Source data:
━━━

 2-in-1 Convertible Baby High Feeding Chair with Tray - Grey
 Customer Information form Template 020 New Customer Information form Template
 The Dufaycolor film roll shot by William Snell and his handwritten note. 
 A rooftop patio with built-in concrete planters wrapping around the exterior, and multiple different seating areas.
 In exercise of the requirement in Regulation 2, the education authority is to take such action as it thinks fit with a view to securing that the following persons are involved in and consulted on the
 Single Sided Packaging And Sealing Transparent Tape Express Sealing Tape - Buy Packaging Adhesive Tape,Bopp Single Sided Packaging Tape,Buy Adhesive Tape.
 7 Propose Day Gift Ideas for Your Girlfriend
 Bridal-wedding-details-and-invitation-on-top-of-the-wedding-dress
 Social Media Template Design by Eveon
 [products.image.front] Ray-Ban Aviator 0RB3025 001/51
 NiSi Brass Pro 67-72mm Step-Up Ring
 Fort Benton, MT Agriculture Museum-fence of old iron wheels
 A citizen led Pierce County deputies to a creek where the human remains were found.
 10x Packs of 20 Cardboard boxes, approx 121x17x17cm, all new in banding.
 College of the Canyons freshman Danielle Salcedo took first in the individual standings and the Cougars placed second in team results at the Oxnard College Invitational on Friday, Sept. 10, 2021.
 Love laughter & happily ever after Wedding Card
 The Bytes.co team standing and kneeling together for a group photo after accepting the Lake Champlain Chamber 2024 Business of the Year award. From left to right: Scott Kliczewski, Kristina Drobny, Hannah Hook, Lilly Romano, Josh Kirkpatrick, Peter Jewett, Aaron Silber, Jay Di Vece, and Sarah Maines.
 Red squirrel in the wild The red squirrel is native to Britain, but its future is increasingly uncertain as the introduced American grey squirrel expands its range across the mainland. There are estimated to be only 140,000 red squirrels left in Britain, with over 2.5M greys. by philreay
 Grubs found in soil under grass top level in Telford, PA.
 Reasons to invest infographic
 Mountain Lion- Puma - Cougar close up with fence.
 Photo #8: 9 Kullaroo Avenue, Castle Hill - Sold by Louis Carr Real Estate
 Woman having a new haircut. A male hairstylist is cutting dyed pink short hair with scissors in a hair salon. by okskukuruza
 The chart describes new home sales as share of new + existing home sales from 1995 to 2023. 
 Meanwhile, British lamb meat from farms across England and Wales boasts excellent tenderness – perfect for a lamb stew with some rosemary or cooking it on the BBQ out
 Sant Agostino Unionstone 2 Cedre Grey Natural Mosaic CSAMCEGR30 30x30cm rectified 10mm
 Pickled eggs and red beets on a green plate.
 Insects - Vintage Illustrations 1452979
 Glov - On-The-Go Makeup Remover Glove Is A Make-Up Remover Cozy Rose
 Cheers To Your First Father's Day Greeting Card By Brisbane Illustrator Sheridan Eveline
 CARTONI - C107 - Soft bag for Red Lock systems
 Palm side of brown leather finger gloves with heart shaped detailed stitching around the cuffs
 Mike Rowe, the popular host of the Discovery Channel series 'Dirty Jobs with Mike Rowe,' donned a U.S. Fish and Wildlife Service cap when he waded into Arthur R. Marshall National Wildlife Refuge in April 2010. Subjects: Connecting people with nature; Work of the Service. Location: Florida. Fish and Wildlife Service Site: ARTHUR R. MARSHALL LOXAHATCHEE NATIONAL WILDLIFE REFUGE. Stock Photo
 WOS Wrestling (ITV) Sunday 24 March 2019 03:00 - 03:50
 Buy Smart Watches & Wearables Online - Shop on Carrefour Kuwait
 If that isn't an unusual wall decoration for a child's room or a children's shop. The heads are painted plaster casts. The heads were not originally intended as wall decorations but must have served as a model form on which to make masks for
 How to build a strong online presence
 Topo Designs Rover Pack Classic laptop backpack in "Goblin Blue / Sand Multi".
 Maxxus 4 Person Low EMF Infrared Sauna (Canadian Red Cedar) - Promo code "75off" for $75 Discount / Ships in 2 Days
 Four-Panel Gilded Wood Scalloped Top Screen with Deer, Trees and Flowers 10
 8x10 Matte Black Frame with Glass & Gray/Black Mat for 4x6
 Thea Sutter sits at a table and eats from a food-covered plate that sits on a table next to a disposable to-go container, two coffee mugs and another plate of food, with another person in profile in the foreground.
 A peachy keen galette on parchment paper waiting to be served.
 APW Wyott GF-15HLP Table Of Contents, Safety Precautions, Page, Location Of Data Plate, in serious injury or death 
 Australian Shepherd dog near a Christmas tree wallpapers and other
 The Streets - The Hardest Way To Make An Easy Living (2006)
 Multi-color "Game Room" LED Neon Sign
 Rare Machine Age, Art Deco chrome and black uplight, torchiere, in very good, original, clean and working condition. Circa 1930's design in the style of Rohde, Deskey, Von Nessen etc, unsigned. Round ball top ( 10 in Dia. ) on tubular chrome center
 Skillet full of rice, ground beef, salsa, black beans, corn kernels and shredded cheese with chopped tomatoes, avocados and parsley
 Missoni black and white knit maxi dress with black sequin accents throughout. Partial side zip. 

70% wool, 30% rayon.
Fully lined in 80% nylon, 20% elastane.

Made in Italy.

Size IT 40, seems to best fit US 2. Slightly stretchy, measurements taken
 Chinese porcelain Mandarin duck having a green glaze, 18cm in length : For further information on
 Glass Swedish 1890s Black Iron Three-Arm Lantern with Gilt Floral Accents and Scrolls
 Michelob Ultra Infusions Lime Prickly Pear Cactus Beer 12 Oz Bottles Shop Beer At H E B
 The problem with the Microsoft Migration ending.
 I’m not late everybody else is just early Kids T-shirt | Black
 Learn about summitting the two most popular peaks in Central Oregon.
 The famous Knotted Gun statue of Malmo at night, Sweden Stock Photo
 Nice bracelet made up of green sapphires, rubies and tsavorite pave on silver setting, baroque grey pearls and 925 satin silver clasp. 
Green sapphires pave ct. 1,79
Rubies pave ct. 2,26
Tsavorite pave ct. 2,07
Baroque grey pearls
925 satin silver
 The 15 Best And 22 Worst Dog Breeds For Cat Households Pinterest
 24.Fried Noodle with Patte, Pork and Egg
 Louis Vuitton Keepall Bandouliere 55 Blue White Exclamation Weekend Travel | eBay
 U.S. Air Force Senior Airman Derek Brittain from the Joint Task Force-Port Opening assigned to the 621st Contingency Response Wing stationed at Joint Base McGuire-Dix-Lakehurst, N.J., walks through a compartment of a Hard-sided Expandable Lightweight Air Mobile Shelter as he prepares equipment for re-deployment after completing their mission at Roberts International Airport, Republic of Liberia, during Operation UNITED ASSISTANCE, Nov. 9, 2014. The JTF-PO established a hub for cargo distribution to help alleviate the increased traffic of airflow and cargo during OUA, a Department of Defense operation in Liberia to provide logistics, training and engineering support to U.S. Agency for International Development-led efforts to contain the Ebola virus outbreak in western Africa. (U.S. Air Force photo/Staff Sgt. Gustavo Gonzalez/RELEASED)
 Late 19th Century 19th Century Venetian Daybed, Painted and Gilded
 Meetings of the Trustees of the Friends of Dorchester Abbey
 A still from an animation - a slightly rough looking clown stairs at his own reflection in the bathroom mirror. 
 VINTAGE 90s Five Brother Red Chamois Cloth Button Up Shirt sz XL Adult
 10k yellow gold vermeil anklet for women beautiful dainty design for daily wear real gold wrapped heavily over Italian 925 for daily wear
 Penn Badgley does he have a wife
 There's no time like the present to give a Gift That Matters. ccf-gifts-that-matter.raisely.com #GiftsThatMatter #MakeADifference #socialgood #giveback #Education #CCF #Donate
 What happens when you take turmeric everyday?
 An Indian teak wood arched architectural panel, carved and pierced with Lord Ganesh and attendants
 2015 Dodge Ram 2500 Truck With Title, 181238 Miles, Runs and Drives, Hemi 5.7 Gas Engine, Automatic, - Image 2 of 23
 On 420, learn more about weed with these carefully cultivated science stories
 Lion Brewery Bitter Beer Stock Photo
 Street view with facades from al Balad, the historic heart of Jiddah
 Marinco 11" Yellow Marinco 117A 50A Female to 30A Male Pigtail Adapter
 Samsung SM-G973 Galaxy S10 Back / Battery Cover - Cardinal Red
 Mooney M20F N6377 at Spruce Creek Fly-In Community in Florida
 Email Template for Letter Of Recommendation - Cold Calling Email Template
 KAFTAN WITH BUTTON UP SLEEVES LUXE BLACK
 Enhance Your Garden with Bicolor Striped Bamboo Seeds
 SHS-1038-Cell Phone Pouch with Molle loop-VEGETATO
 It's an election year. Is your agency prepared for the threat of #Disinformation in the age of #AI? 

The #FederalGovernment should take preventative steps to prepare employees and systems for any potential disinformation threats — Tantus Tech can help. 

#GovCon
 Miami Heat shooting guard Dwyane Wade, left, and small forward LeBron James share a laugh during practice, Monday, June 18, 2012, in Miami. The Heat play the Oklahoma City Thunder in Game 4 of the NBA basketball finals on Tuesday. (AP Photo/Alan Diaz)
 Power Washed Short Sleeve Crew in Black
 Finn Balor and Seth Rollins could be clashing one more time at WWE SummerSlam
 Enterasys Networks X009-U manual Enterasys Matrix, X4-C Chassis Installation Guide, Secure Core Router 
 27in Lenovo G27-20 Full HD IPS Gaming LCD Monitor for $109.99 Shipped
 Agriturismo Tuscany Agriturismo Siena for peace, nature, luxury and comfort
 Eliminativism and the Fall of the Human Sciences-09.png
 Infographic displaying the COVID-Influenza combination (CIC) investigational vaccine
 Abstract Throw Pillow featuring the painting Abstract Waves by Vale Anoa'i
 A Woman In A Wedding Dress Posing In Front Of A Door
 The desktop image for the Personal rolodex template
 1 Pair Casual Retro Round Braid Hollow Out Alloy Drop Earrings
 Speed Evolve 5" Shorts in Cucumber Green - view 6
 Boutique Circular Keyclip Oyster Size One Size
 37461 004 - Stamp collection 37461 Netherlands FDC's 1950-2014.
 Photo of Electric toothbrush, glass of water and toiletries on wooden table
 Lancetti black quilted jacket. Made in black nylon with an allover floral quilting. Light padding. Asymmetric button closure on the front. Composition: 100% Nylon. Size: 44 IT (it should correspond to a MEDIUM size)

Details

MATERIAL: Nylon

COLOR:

━━━

Description of the task: Copy out exactly the lines running from the line with "KAFTAN WITH BUTTON UP SLEEVES LUXE BLACK" to the end of the records, inclusive.

Output:
 KAFTAN WITH BUTTON UP SLEEVES LUXE BLACK
 Enhance Your Garden with Bicolor Striped Bamboo Seeds
 SHS-1038-Cell Phone Pouch with Molle loop-VEGETATO
 It's an election year. Is your agency prepared for the threat of #Disinformation in the age of #AI? 

The #FederalGovernment should take preventative steps to prepare employees and systems for any potential disinformation threats — Tantus Tech can help. 

#GovCon
 Miami Heat shooting guard Dwyane Wade, left, and small forward LeBron James share a laugh during practice, Monday, June 18, 2012, in Miami. The Heat play the Oklahoma City Thunder in Game 4 of the NBA basketball finals on Tuesday. (AP Photo/Alan Diaz)
 Power Washed Short Sleeve Crew in Black
 Finn Balor and Seth Rollins could be clashing one more time at WWE SummerSlam
 Enterasys Networks X009-U manual Enterasys Matrix, X4-C Chassis Installation Guide, Secure Core Router 
 27in Lenovo G27-20 Full HD IPS Gaming LCD Monitor for $109.99 Shipped
 Agriturismo Tuscany Agriturismo Siena for peace, nature, luxury and comfort
 Eliminativism and the Fall of the Human Sciences-09.png
 Infographic displaying the COVID-Influenza combination (CIC) investigational vaccine
 Abstract Throw Pillow featuring the painting Abstract Waves by Vale Anoa'i
 A Woman In A Wedding Dress Posing In Front Of A Door
 The desktop image for the Personal rolodex template
 1 Pair Casual Retro Round Braid Hollow Out Alloy Drop Earrings
 Speed Evolve 5" Shorts in Cucumber Green - view 6
 Boutique Circular Keyclip Oyster Size One Size
 37461 004 - Stamp collection 37461 Netherlands FDC's 1950-2014.
 Photo of Electric toothbrush, glass of water and toiletries on wooden table
 Lancetti black quilted jacket. Made in black nylon with an allover floral quilting. Light padding. Asymmetric button closure on the front. Composition: 100% Nylon. Size: 44 IT (it should correspond to a MEDIUM size)

Details

MATERIAL: Nylon

COLOR:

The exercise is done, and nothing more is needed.